» **TASK PROMPT**:
Below are several entries. Transcribe exactly those lines that fall from the one with "Nodosaur, Alberta, fossil, Royal" through the one with "January 2020 Calendar", end lines included.

» **INPUT RECORDS**:
=== Begin Enclosure ===
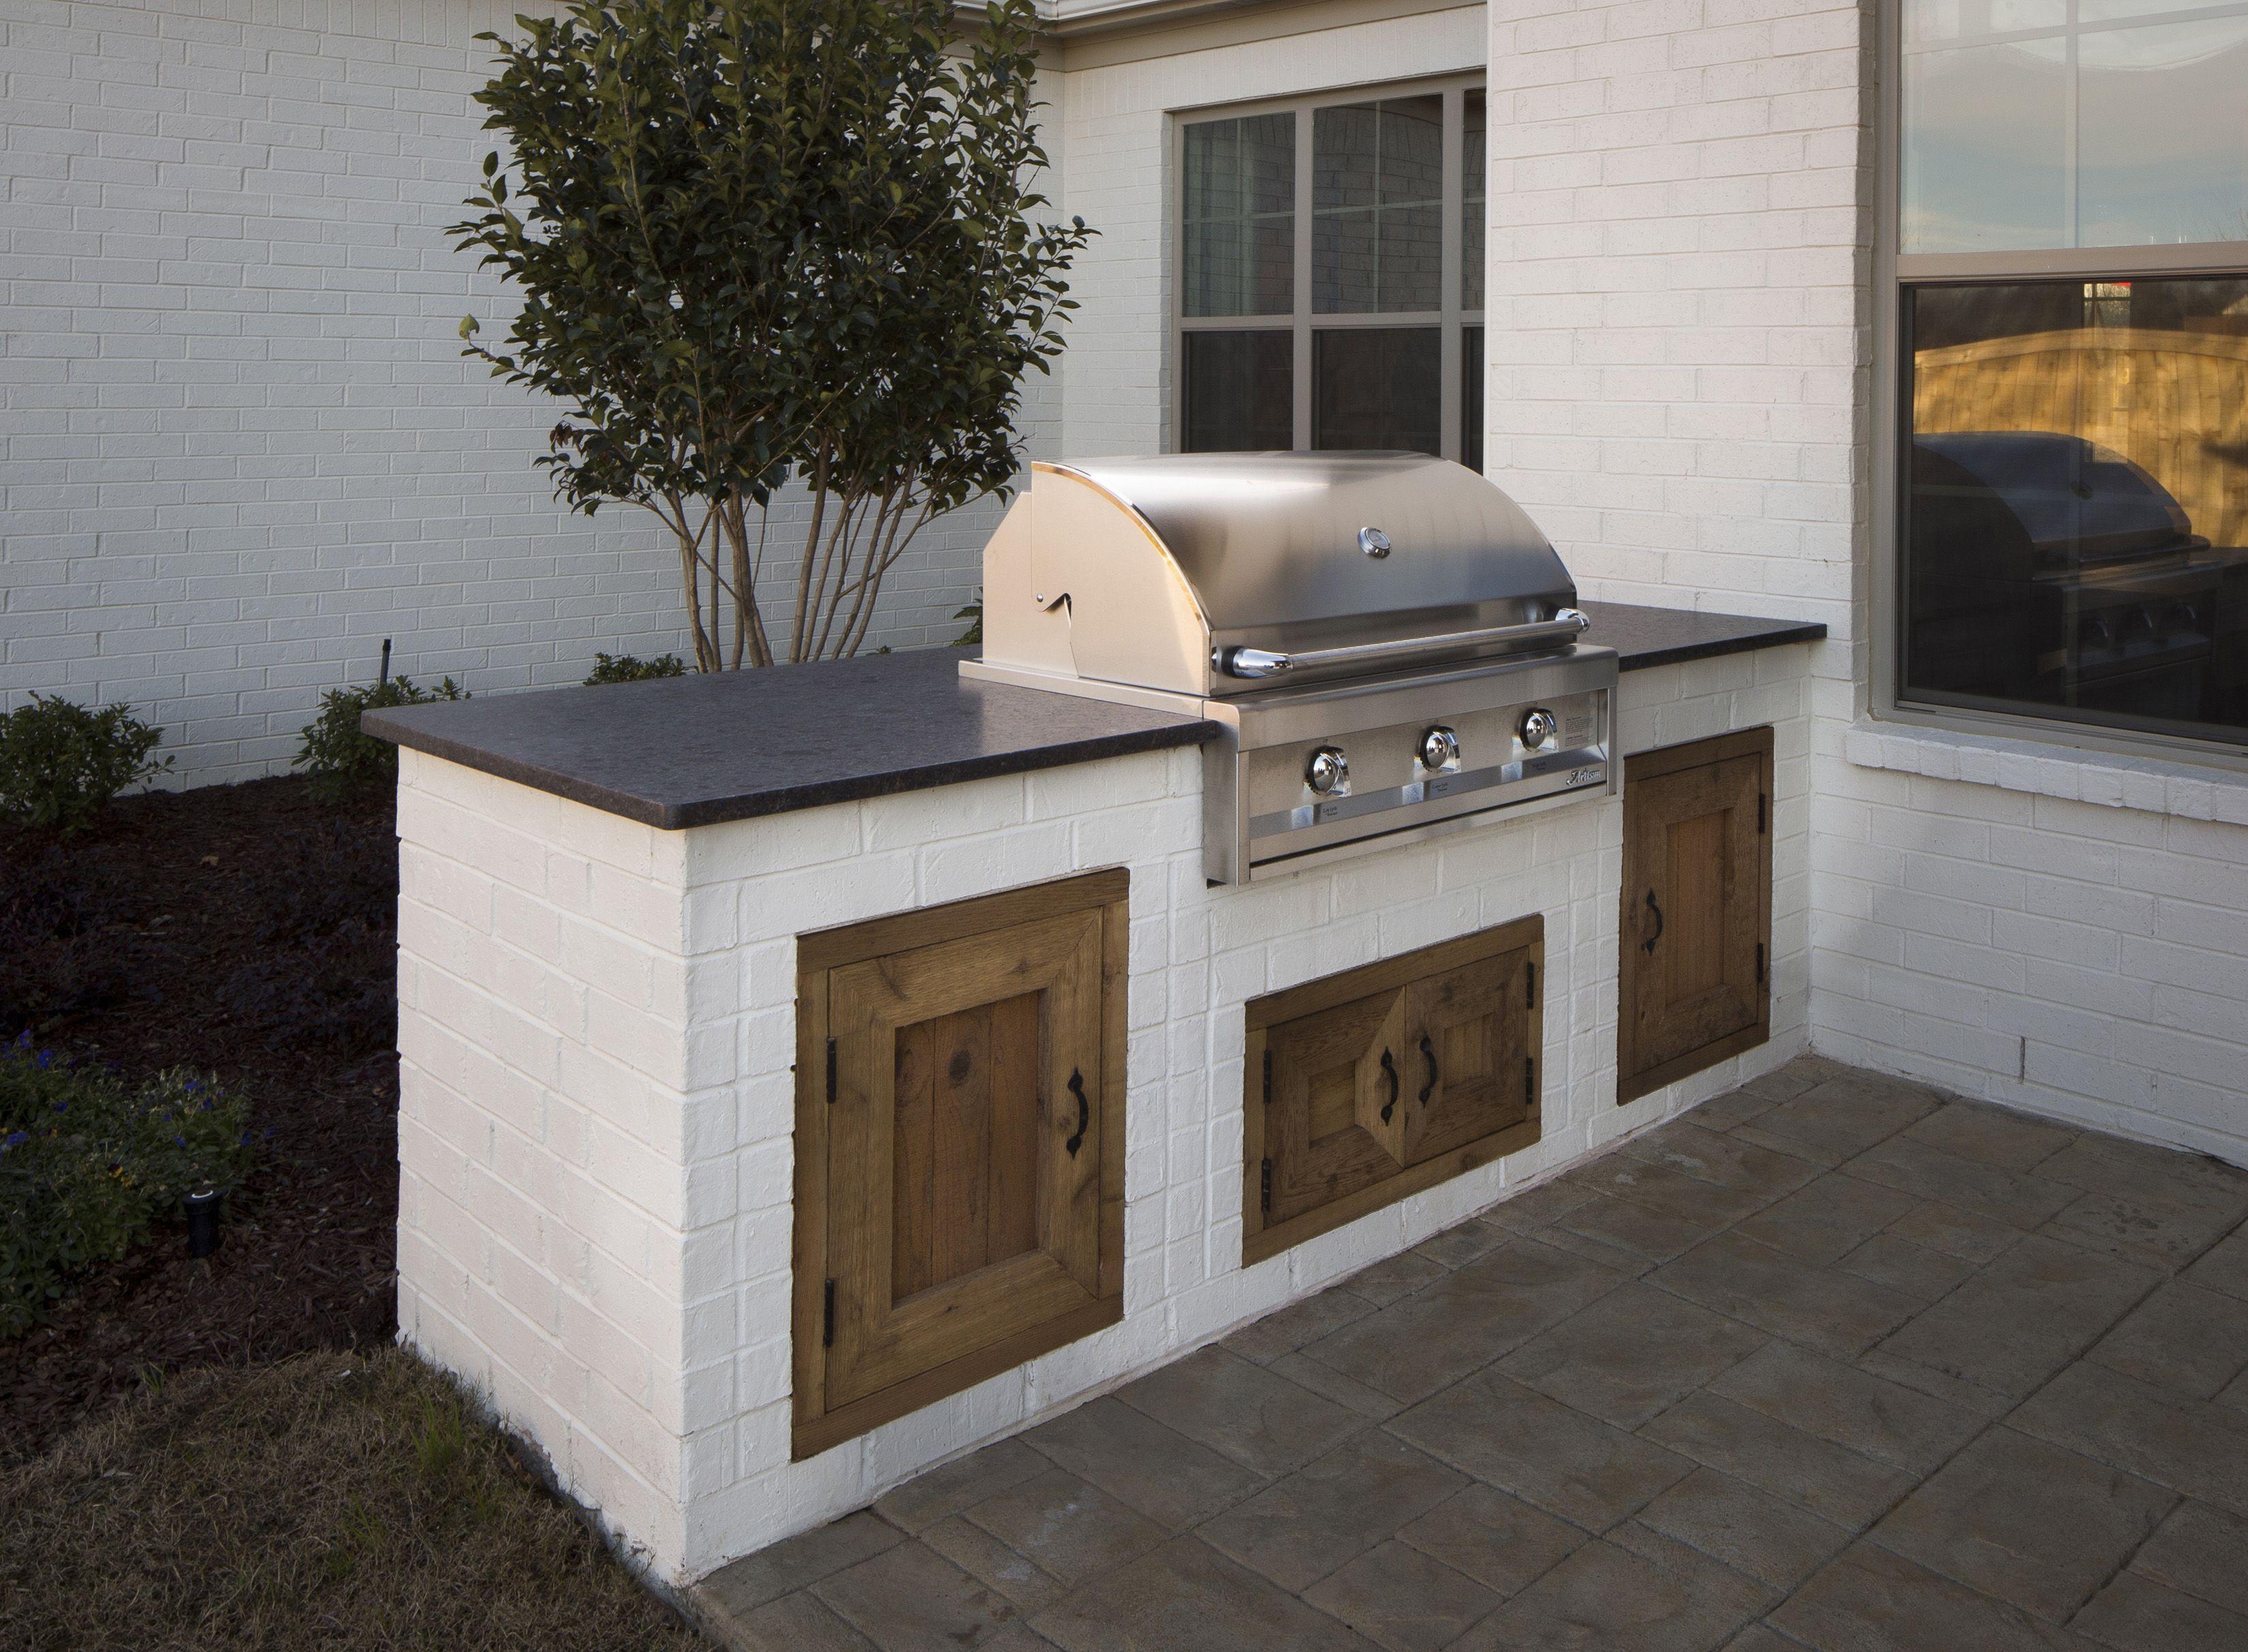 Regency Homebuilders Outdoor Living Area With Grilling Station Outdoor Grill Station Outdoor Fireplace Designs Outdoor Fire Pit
=== End Enclosure ===
=== Begin Enclosure ===
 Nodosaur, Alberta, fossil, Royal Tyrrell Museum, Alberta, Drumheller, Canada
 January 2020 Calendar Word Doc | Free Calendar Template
=== End Enclosure ===
=== Begin Enclosure ===
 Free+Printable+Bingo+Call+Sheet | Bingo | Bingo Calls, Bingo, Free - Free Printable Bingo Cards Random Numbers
=== End Enclosure ===
» **EXERCISE OUTPUT**:
 Nodosaur, Alberta, fossil, Royal Tyrrell Museum, Alberta, Drumheller, Canada
 January 2020 Calendar Word Doc | Free Calendar Template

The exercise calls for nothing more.